我正在尝试为我的应用应用锁定屏幕。
我认为如果密码不正确,则进入第A页,如果正确,请转到第B页。
我写的是
int PIN = R.id.Txt_password;
int pass = 4444;
if (PIN == pass) {
//Selecting the button which is to be pressed
Button Btn_Submit = (Button) findViewById(R.id.Btn_Submit);
//Creates a listener for the button to react when it is pressed
Btn_Submit.setOnClickListener(new View.OnClickListener() {
//Gives the button instructions when it is pressed
@Override
public void onClick(View view) {
Intent startIntent = new Intent(getApplicationContext(),
Control_Screen.class);
startActivity(startIntent);
}
});
} else {
//Selecting the button which is to be pressed
Button Btn_Submit = (Button) findViewById(R.id.Btn_Submit);
//Creates a listener for the button to react when it is pressed
Btn_Submit.setOnClickListener(new View.OnClickListener() {
//Gives the button instructions when it is pressed
@Override
public void onClick(View view) {
Intent startIntent = new Intent(getApplicationContext(),
Password.class);
startActivity(startIntent);
}
});
}
失败了。
这是Txt_password的代码
<EditText
android:layout_width="wrap_content"
android:layout_height="wrap_content"
android:inputType="numberPassword"
android:ems="10"
android:id="@+id/Txt_password"
android:layout_below="@+id/Lbl_EnterPassword"

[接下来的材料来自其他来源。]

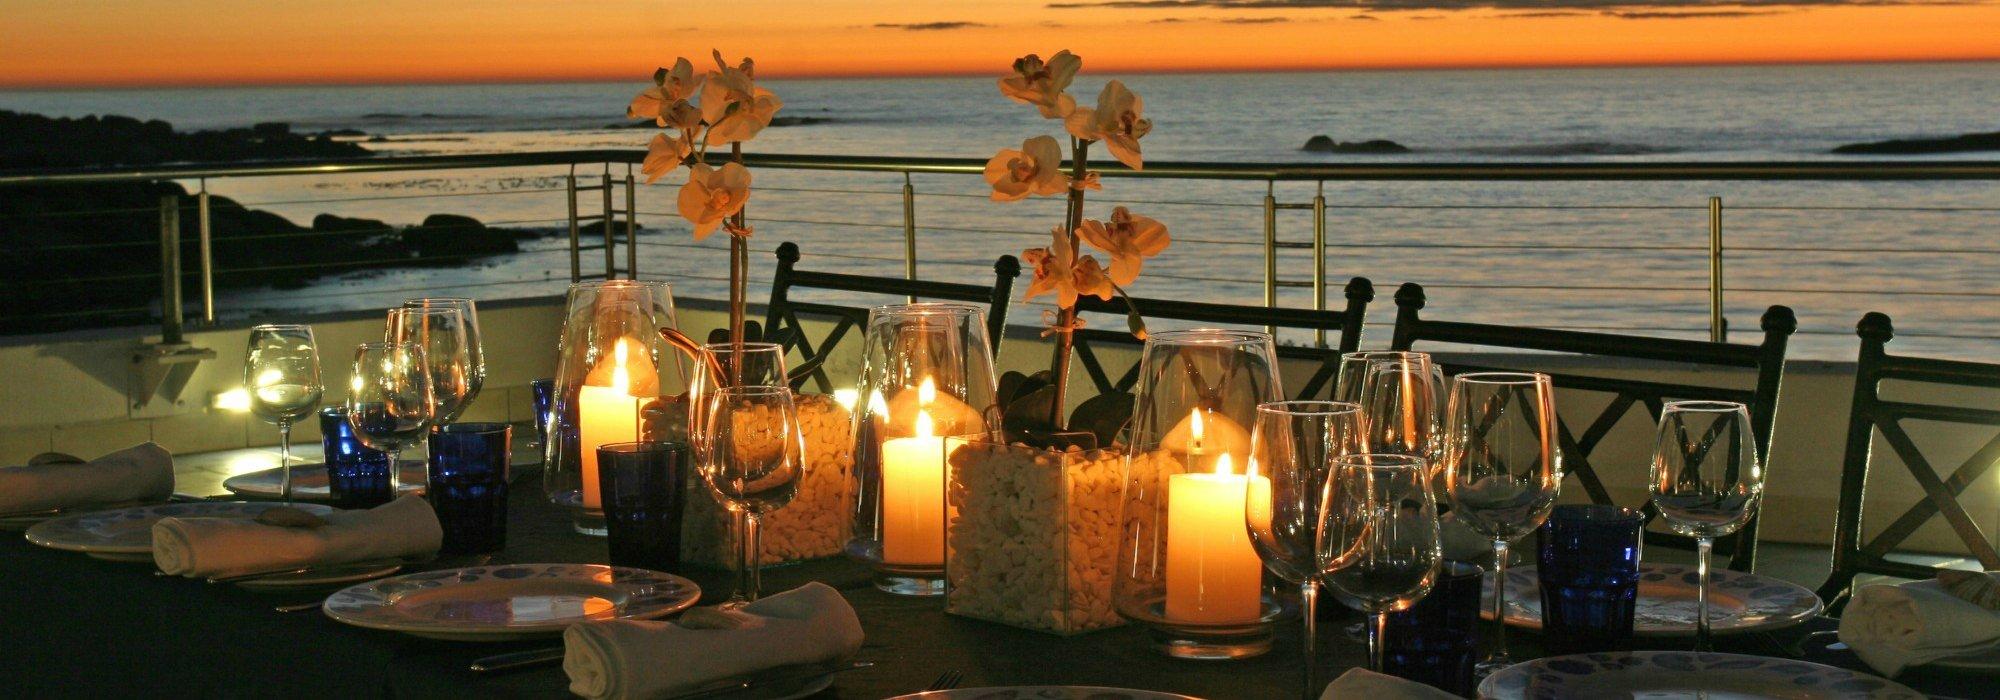 Azure restaurant in Cape Town

android:layout_centerHorizontal="true"
android:layout_marginTop="50dp"
android:text="4444" />
我认为密码是4444,它是硬编码的,但我觉得情况并非如此,而且存在问题。
我该如何做到这一点?
也许有办法将用户输入密码字段的文本放入字符串中?
答案 0 :(得分:0)
也许你打算这样做?
EditText txtPassword = (EditText) findViewById(R.id.Txt_password);
int PIN = Integer.parseInt(txtPassword.getText().toString());
if (PIN == 4444) { }
R.id.Txt_password永远不会等于4444
答案 1 :(得分:0)
您没有抓取EditText的文字。你可以这样做:
EditText passwordText = (EditText) findViewById(R.id.Txt_password);
int PASS = Integer.parseInt(passwordText.getText().toString());
现在进行比较。
int pass = 4444;
if(pass == PASS) {
...
...
}
但是,您需要在按钮的onClickListener内执行此操作。请参阅以下参考代码:
Button Btn_Submit = (Button) findViewById(R.id.Btn_Submit);
//Creates a listener for the button to react when it is pressed
Btn_Submit.setOnClickListener(new View.OnClickListener() {
//Gives the button instructions when it is pressed
@Override
public void onClick(View view) {
EditText passwordText = (EditText) findViewById(R.id.Txt_password);
int pass = Integer.parseInt(passwordText.getText().toString());
if(pass == 4444) {
Intent startIntent = new Intent(getApplicationContext(), Control_Screen.class);
startActivity(startIntent);
}
else {
Intent startIntent = new Intent(getApplicationContext(), Password.class);
startActivity(startIntent);
});
答案 2 :(得分:0)
您需要从EditText字段中获取文本并将其更改为整数值,如下所示:
EditText passText = (EditText) findViewById(R.id.Txt_password);
int PIN = Integer.valueOf(passText.getText().toString());
if (PIN == 4444) {
...
}
答案 3 :(得分:0)
我认为你最好不要走另一条路。不要更改整个按钮侦听器,也不要在方法调用中创建匿名对象。如何将绑定与实际业务逻辑分开?考虑一下:
public class YourFragment extends Fragment implements View.OnClickListener {
private Button Btn_Submit;
private EditText Txt_password;
private final PIN = 4444;
@Override
public View onCreateView(LayoutInflater inflater, ViewGroup container, Bundle savedInstanceState) {
// inflate layout of fragment or set content if this is an activity
(...)
Btn_Submit = (Button) findViewById(R.id.Btn_Submit);
Btn_Submit.setOnClickListener(this);
Txt_password = (EditText) findViewById(R.id.Txt_password);
}
@Override
public void onClick(View v) {
// if you have multiple elements with click listeners in this fragment/activity, separate calls here. I'm assuming we get only the submit button here.
Integer input_pin = Integer.parseInt(Txt_password.getText());
if (PIN == input_pin) {
Intent startIntent = new Intent(getApplicationContext(), Control_Screen.class);
startActivity(startIntent);
}
// if pin wrong, reset text field and optionally show the user a notification
Txt_password.setText("");
}
}
如果你想让它更干净,可以将onClick中的整个代码放入一个名为onSubmitPin()的方法中,并在按下提交按钮时从onClick调用它。